▼▼▼

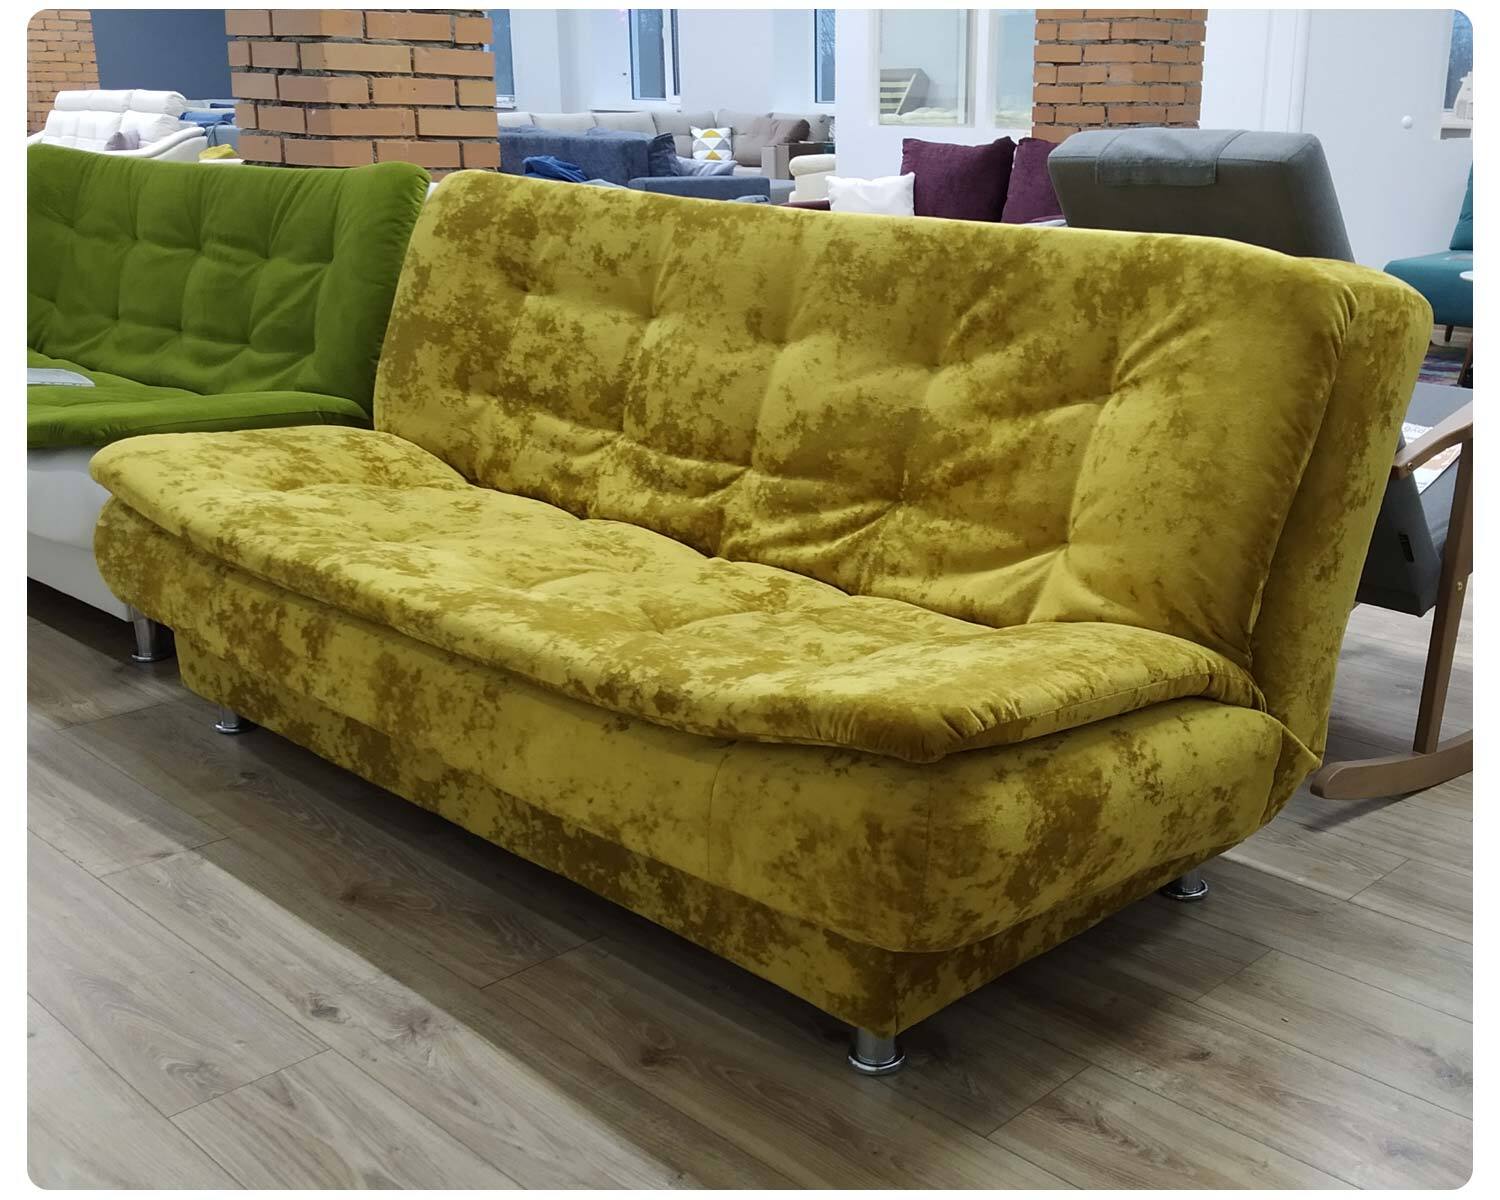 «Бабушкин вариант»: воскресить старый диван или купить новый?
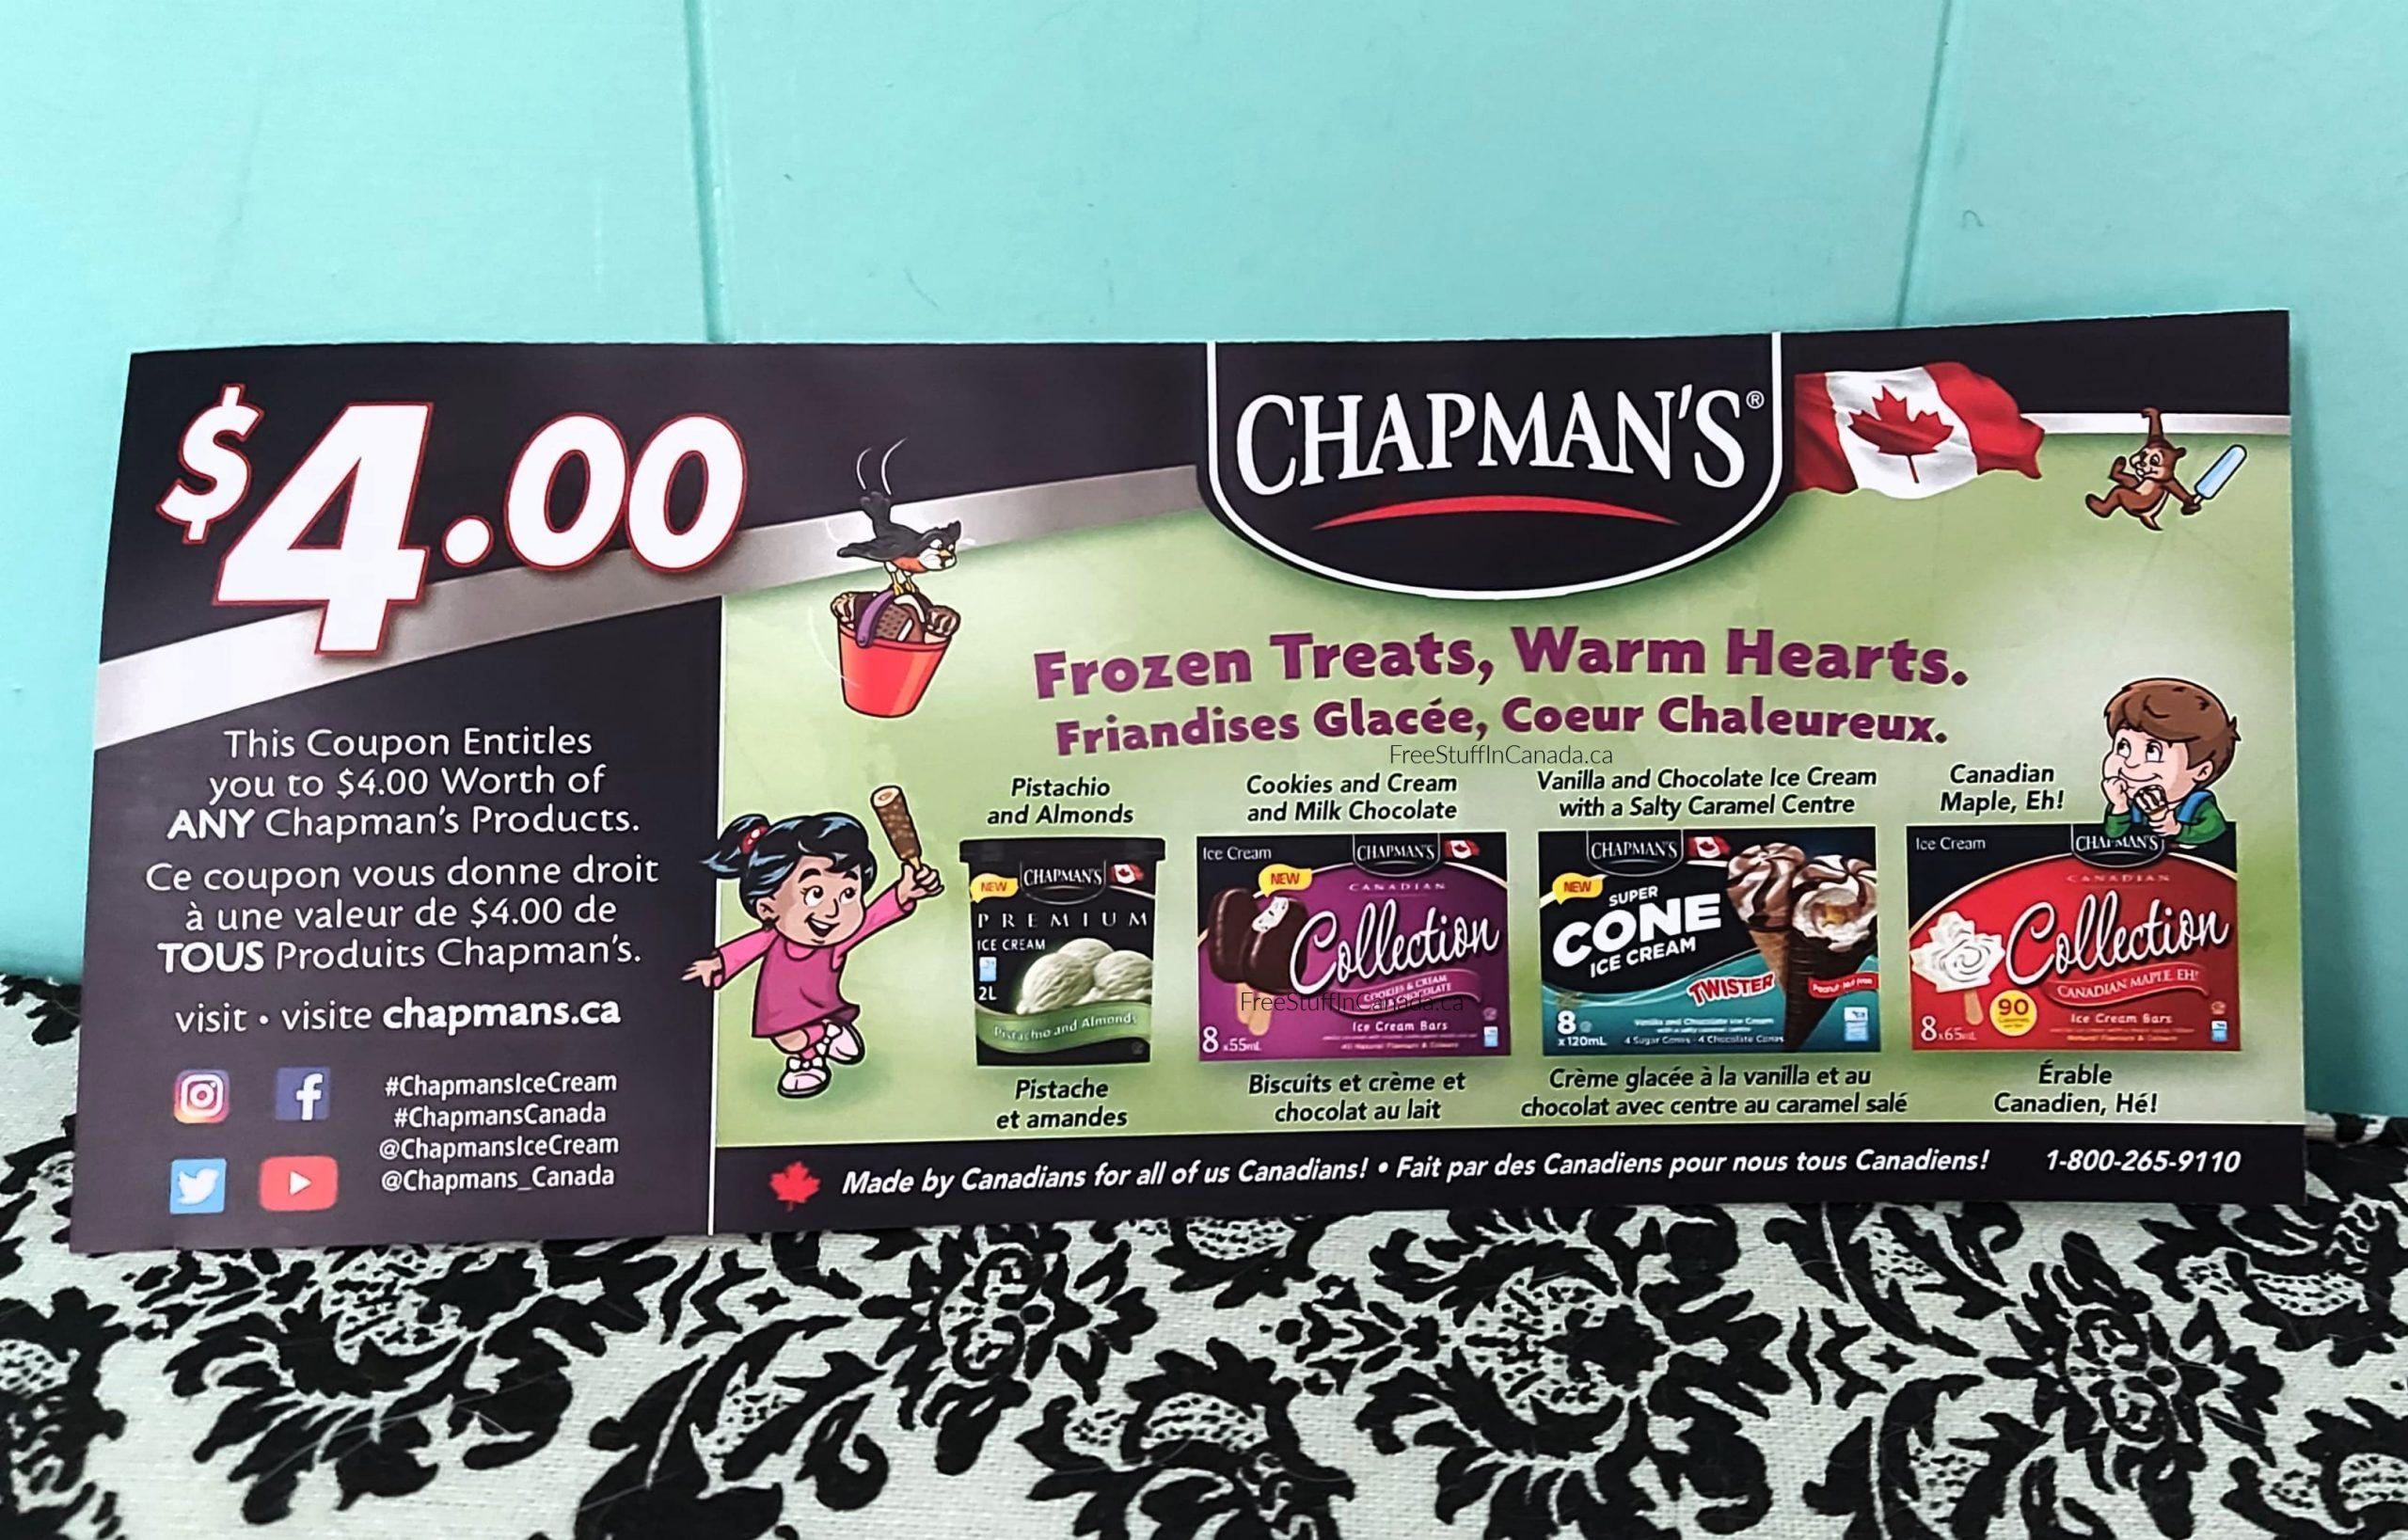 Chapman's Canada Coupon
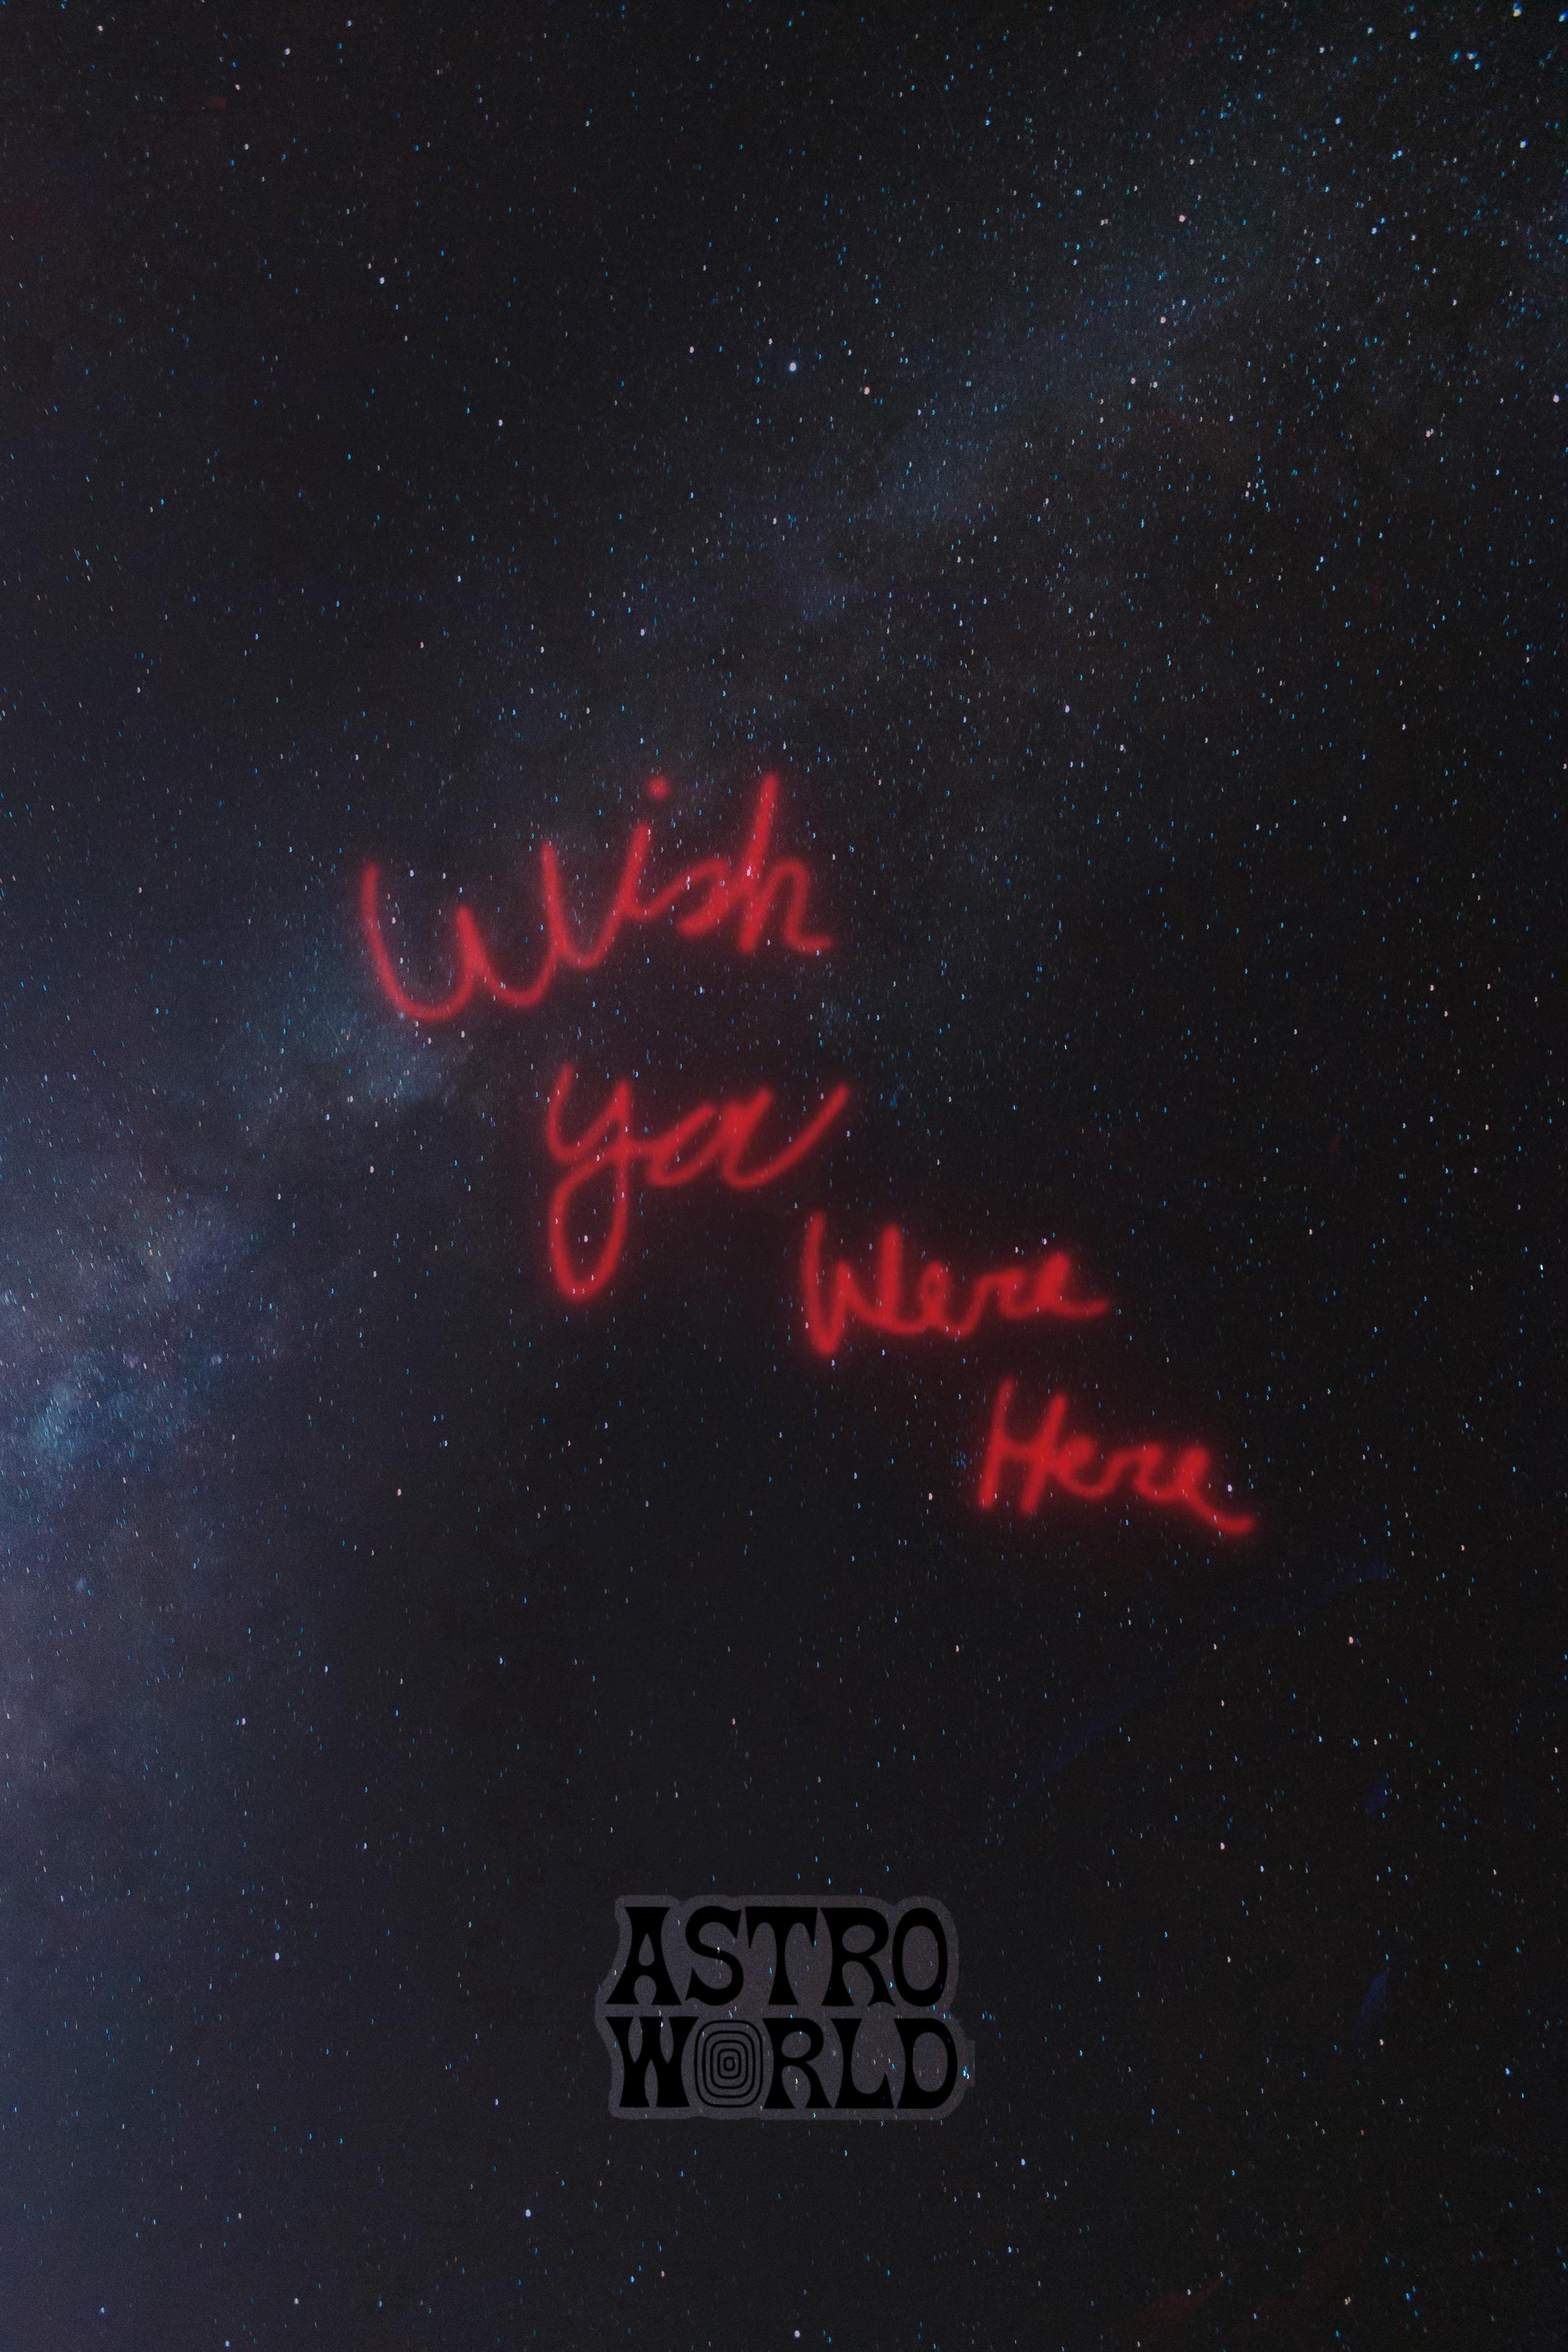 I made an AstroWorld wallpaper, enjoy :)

▲▲▲

▶ _About this task_: Drop the pictures and copy the data exactly.

▶ _Expected answer_:
 «Бабушкин вариант»: воскресить старый диван или купить новый?
 Chapman's Canada Coupon
 I made an AstroWorld wallpaper, enjoy :)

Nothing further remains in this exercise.